However, the paper lacks an analytical explanation regarding why foundation models, despite their reduced direct classification accuracy under transformations, possess robust and accurate ranking abilities, even without finetuning on downstream tasks. For instance, Figure 5 suggests CLIP inherently identifies canonical viewpoints even without task-specific fine-tuning, outperforming a fine-tuned version in terms of viewpoint robustness. The paper provides strong experimental results but does not sufficiently explore or explain the underlying mechanisms or reasons behind this key capability.

方法与评估标准

As acknowledged by the authors, estimating the canonical form for every image involves multiple transformations, necessitating the use of Gaussian processes for efficient search. Despite using GP, the proposed approach still likely demands significantly more computational resources. Furthermore, in realistic scenarios, images typically undergo multiple combined transformations rather than isolated ones (e.g., viewpoint + color + contrast + active vision). While evaluating single transformations separately is understandable for methodological clarity, this raises concerns that employing Bayesian optimization to search through a more complex and realistic transformation space could become increasingly infeasible.

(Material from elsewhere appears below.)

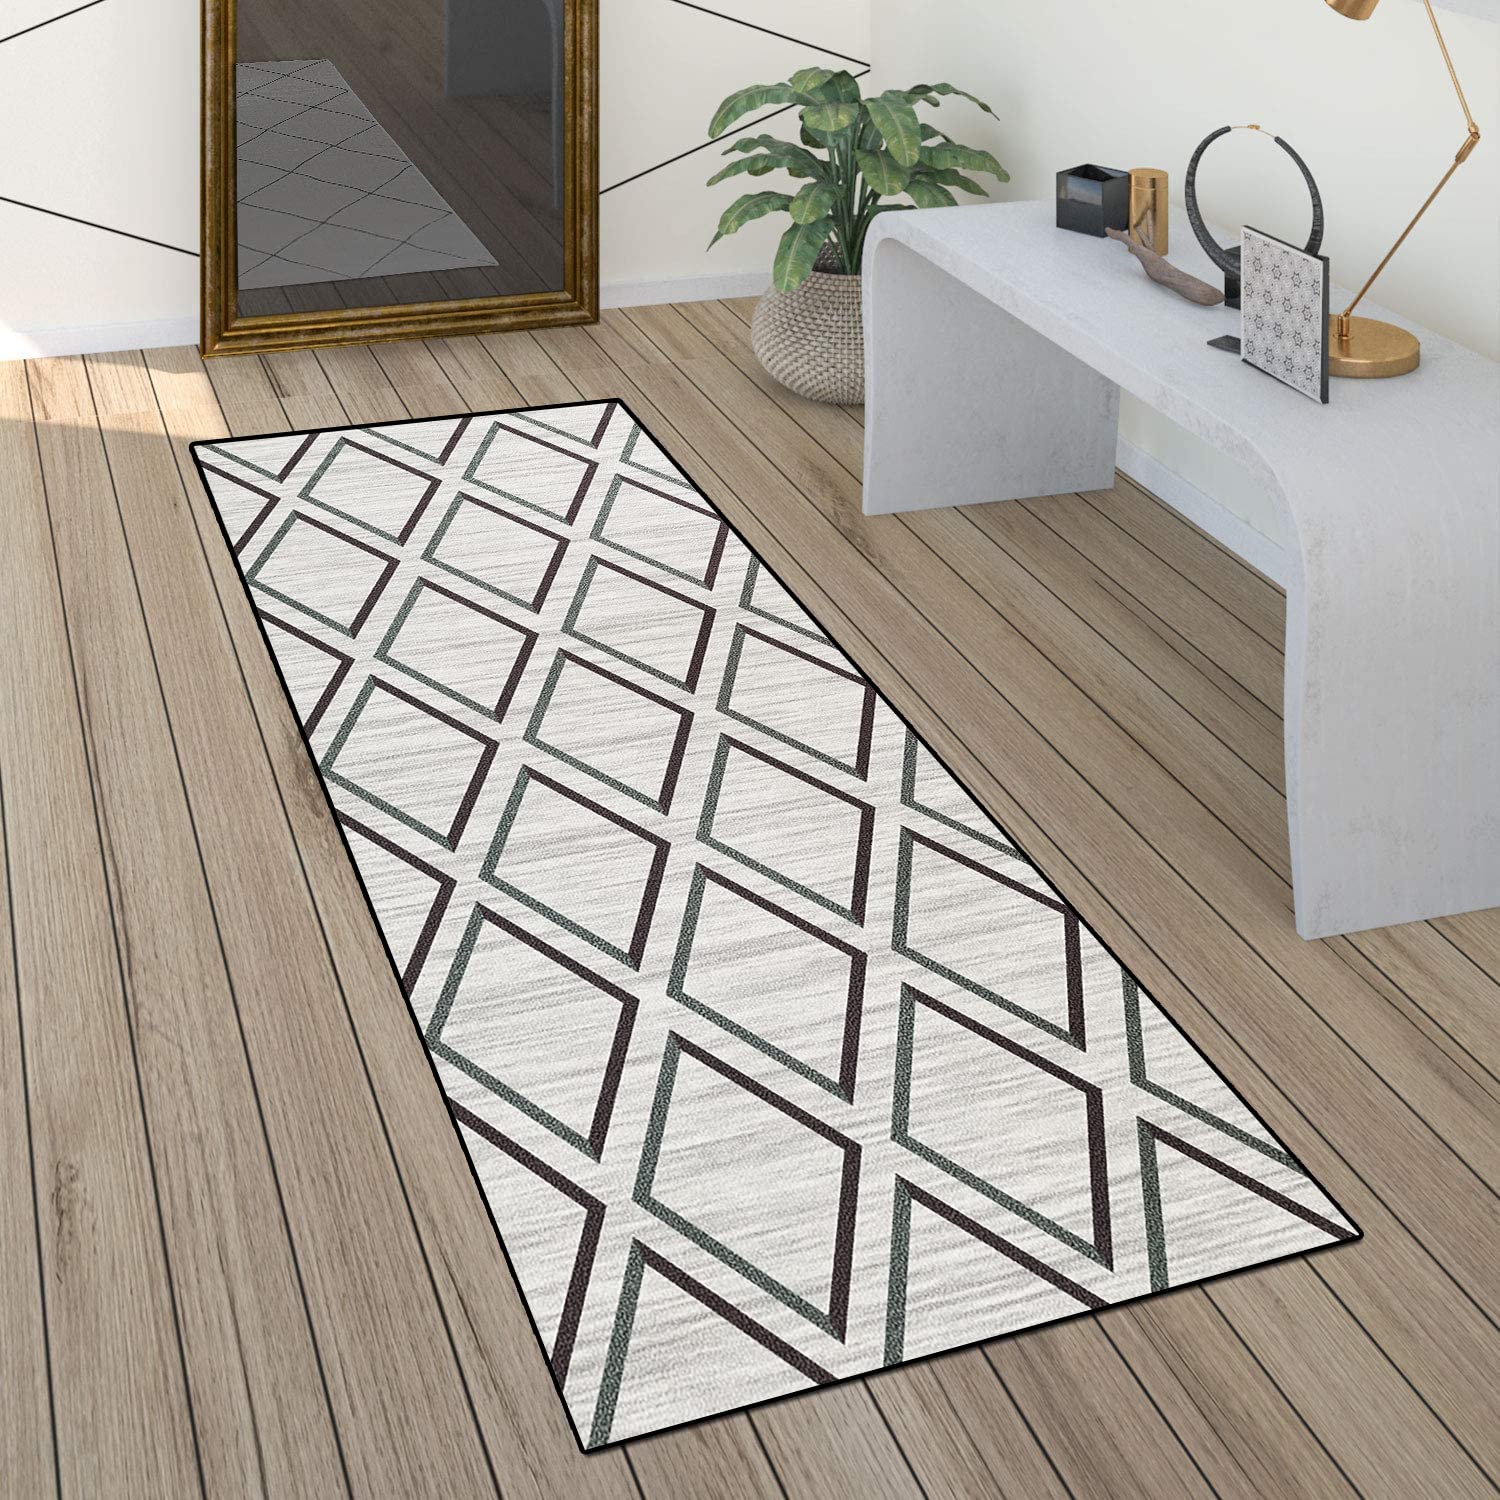 ACUY Rutschfester Teppich 70x100cm LäUfer Teppiche Flur Verwischt Meliert Design Geruchsneutral für Küche Schlafzimmer Wohnzimmer

Additionally, Figure 5 shows that finetuned CLIP performs better for samples with high viewpoint rankings (easy samples). How can we determine, given a specific sample image, whether naive finetuned CLIP or FoCAL would yield better performance?

理论论述

There are no theoretical claims to discuss.

实验设计与分析

What is the inference time of the proposed method compared to baselines such as finetuned CLIP, TTA, and PRLC?

补充材料

No supplementary material (only appendix).

与现有文献的关系

Proposed model could be used in the future to enhance the test-time performance of foundation models.

遗漏的重要参考文献

None.

其他优缺点

None.

其他意见或建议

None.

作者回复

Thank you for your insightful feedback. We are glad you recognize our empirical strengths in canonicalizing images on a range of transformations, and we hope FOCAL can be a key step towards a zero-shot approach. We respond to your concerns and questions below:

  • “The paper lacks an analytical explanation regarding why foundation models, despite their reduced direct classification accuracy under transformations, possess robust and accurate ranking abilities, even without finetuning on downstream tasks.”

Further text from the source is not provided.